__Input data__
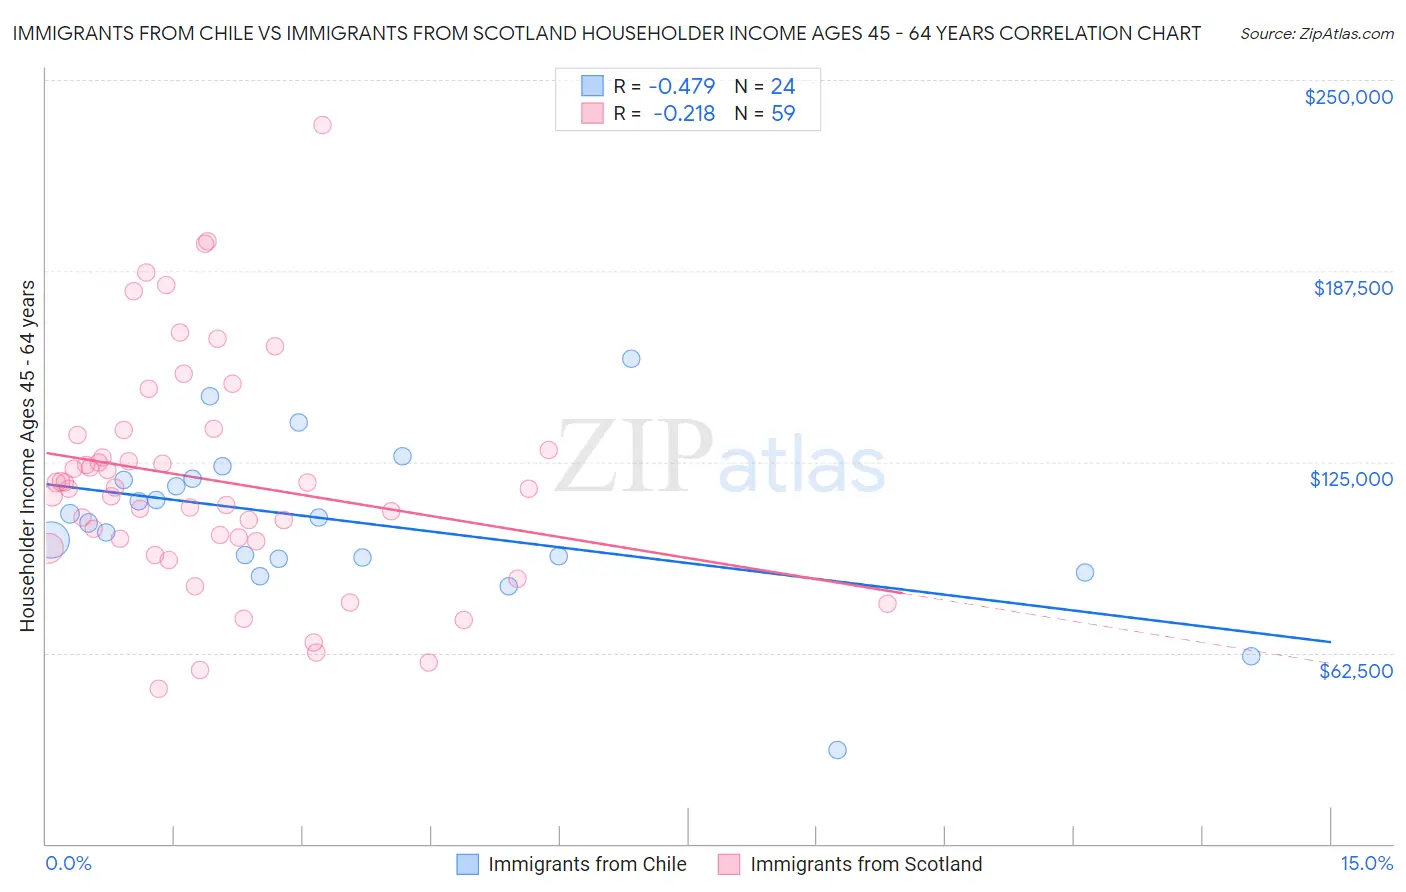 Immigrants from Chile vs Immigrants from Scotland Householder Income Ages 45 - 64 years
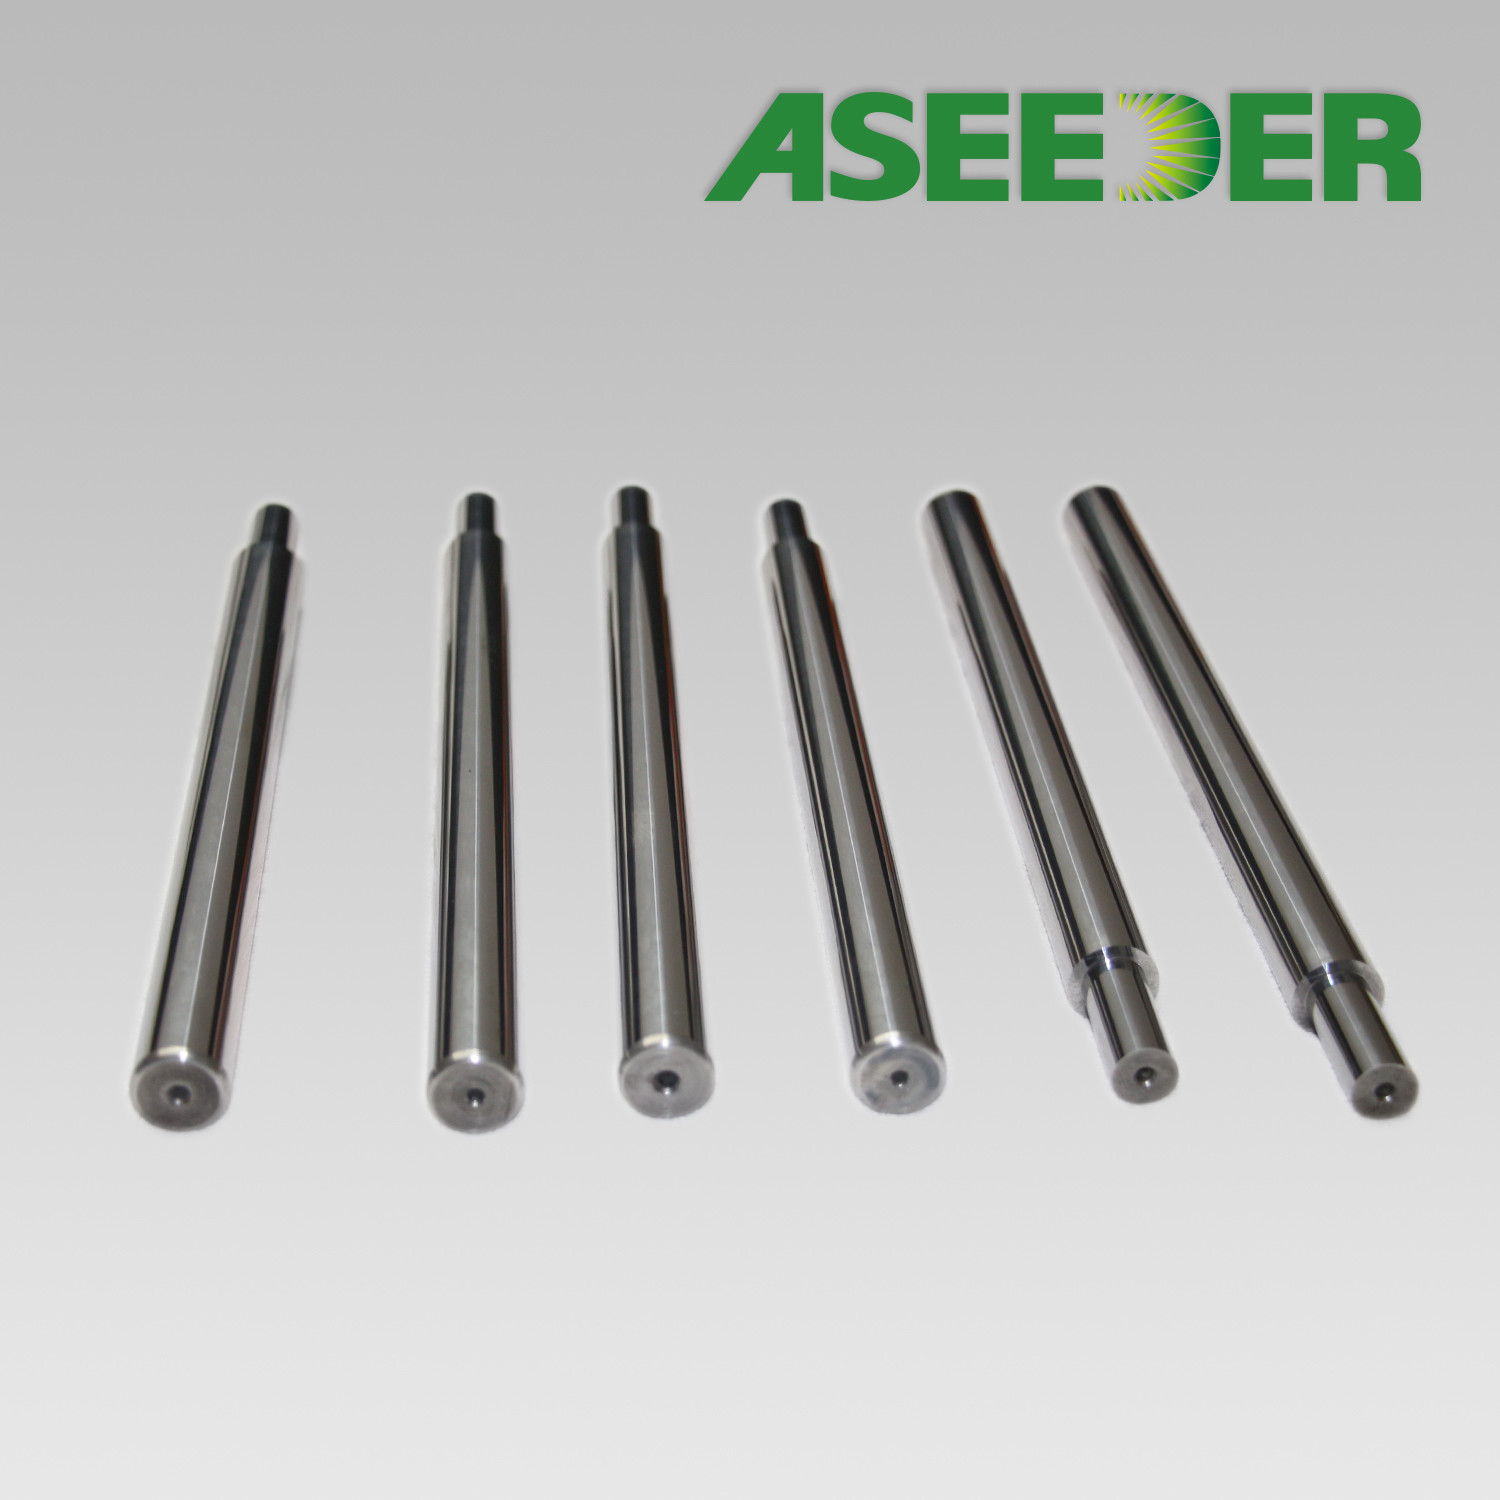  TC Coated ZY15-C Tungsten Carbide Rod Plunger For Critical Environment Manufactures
---
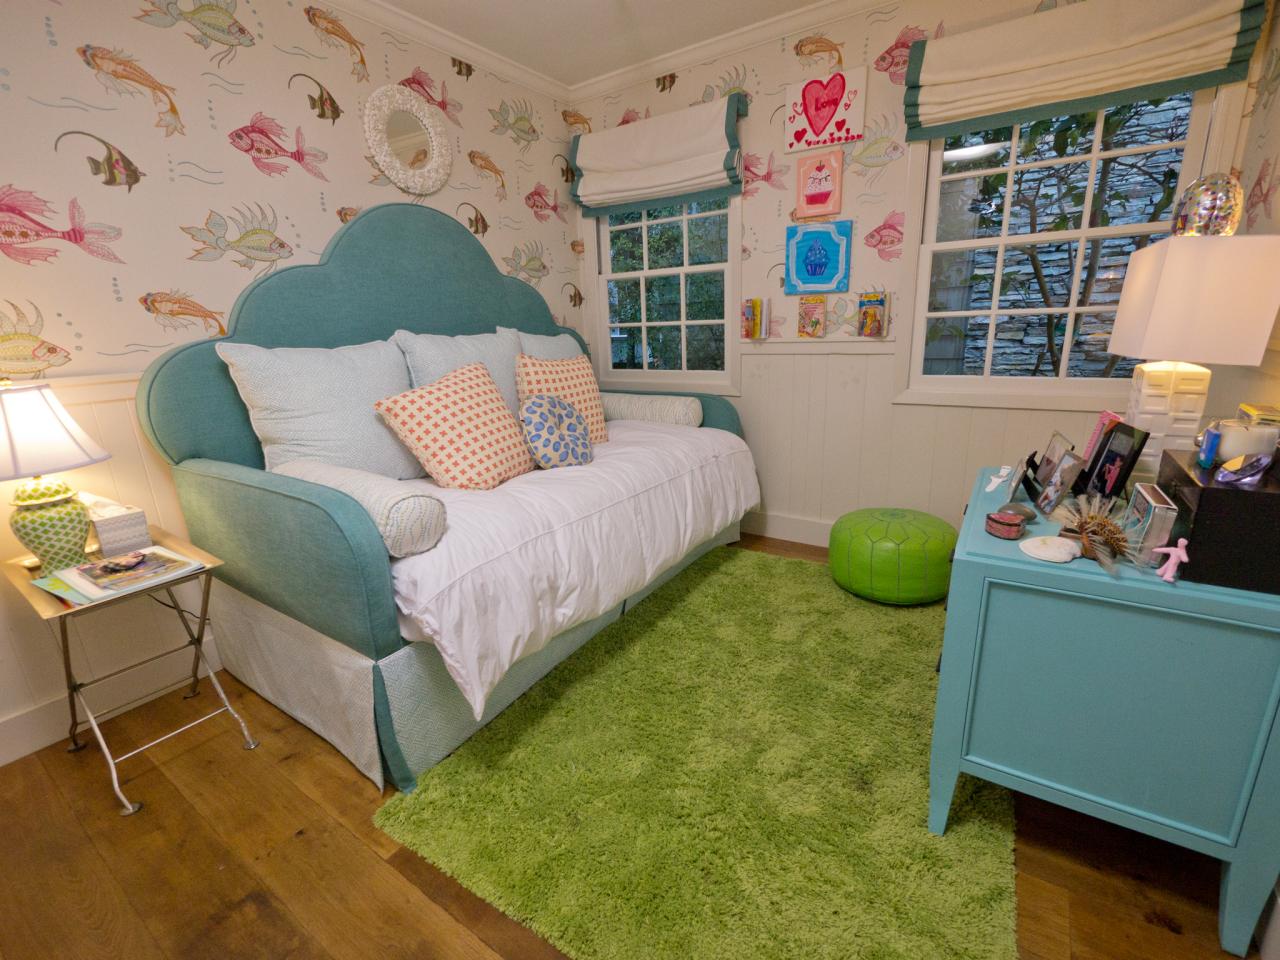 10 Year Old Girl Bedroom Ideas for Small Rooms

__Required action__
In the material above, which lines fall between the one holding "Immigrants from Chile" and the one holding "TC Coated ZY15-C", inclusive? Print exactly those, with the pictures left out.

__Answer for the task__
 Immigrants from Chile vs Immigrants from Scotland Householder Income Ages 45 - 64 years
  TC Coated ZY15-C Tungsten Carbide Rod Plunger For Critical Environment Manufactures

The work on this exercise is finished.